Justin McCurry reports for us from Tokyo on the women of Japan suffering isolation and despair amid Covid job losses:
By the end of the year, more than 80,000 people in Japan had been laid off as a result of the pandemic, almost half of them employed in casual work.
Business closures hit women particularly hard. Although the number of women in the workforce has risen sharply in recent years, many work in dining, entertainment, retail, hospitality and other low-paid, non-regular jobs that now comprise about 40% of Japan’s labour market.
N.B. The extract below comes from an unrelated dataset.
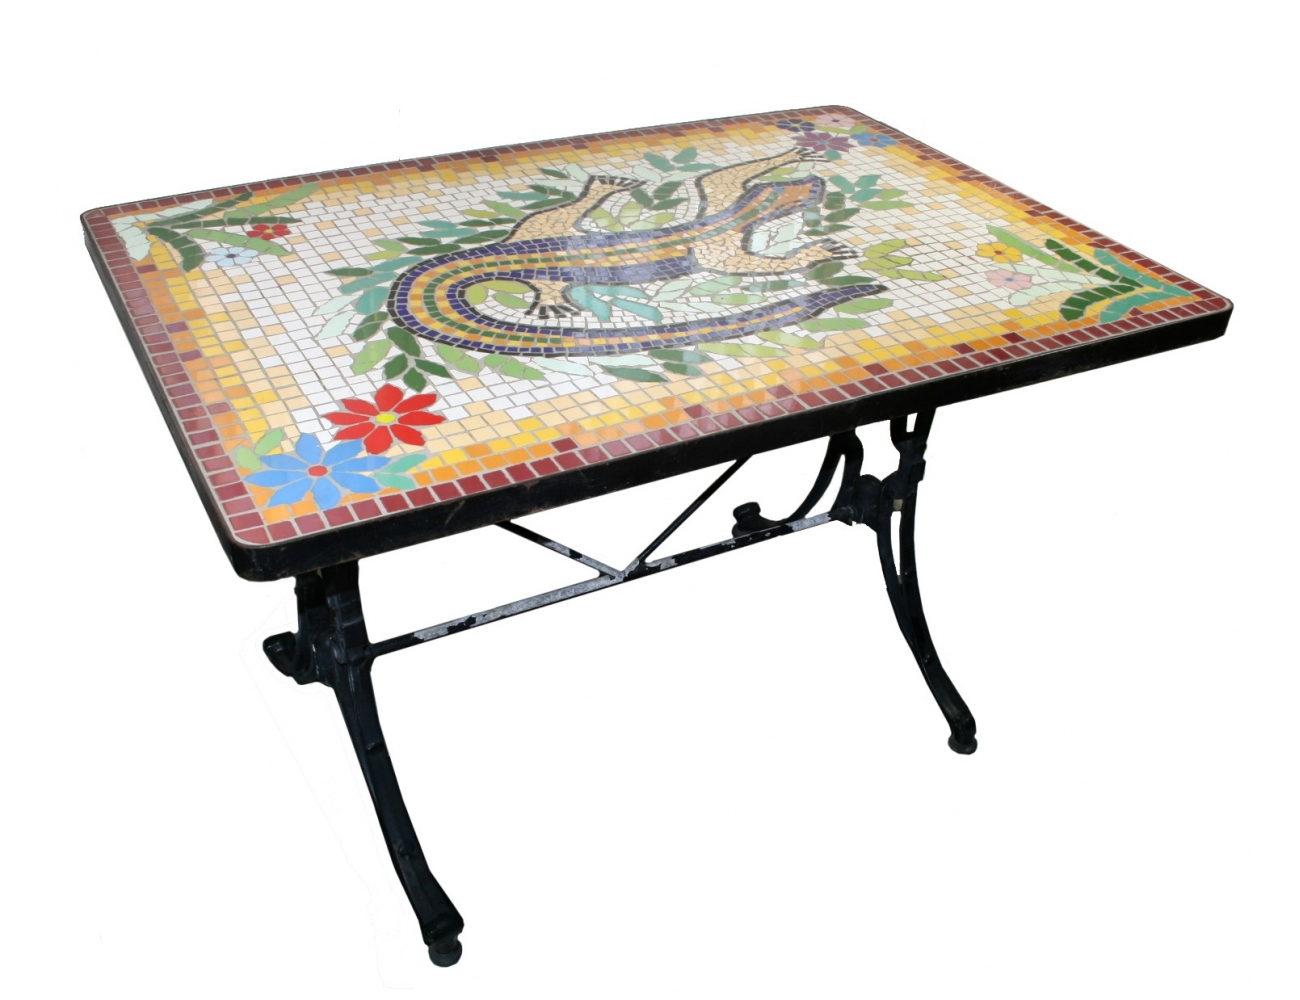 Mesa rectangular con mosaico de lagarto - CollectionWorld.net

“Women are overrepresented in non-regular employment, where there is little job security, and after the schools were closed families had to scramble to secure childcare, which usually meant working mothers staying home,” said Machiko Osawa, an economics professor at Japan Women’s University in Tokyo.
About 60% of single-parent households reported worsening living circumstances in a November survey by the Japan Institute for Labour Policy and Training, with more than a third saying they could not afford to buy enough food.
Mounting job losses fuelled demand for food banks, prompting the government to release stockpiled rice to charities for the first time last month, while utilities have reported a surge in requests for deferments to bill payments.
“Many of them have lost their jobs and are struggling to provide for their children and pay their rent,” said Chieko Akaishi, head of the nonprofit Single Mothers Forum, whose organisation sends food parcels to more than 2,000 low-income households every month.
“This has been going on for a year now, and it’s taking a huge toll. I’ve heard the words, ‘I’m tired’, and ‘I can’t go on,’ so many times. It’s become a matter of survival.”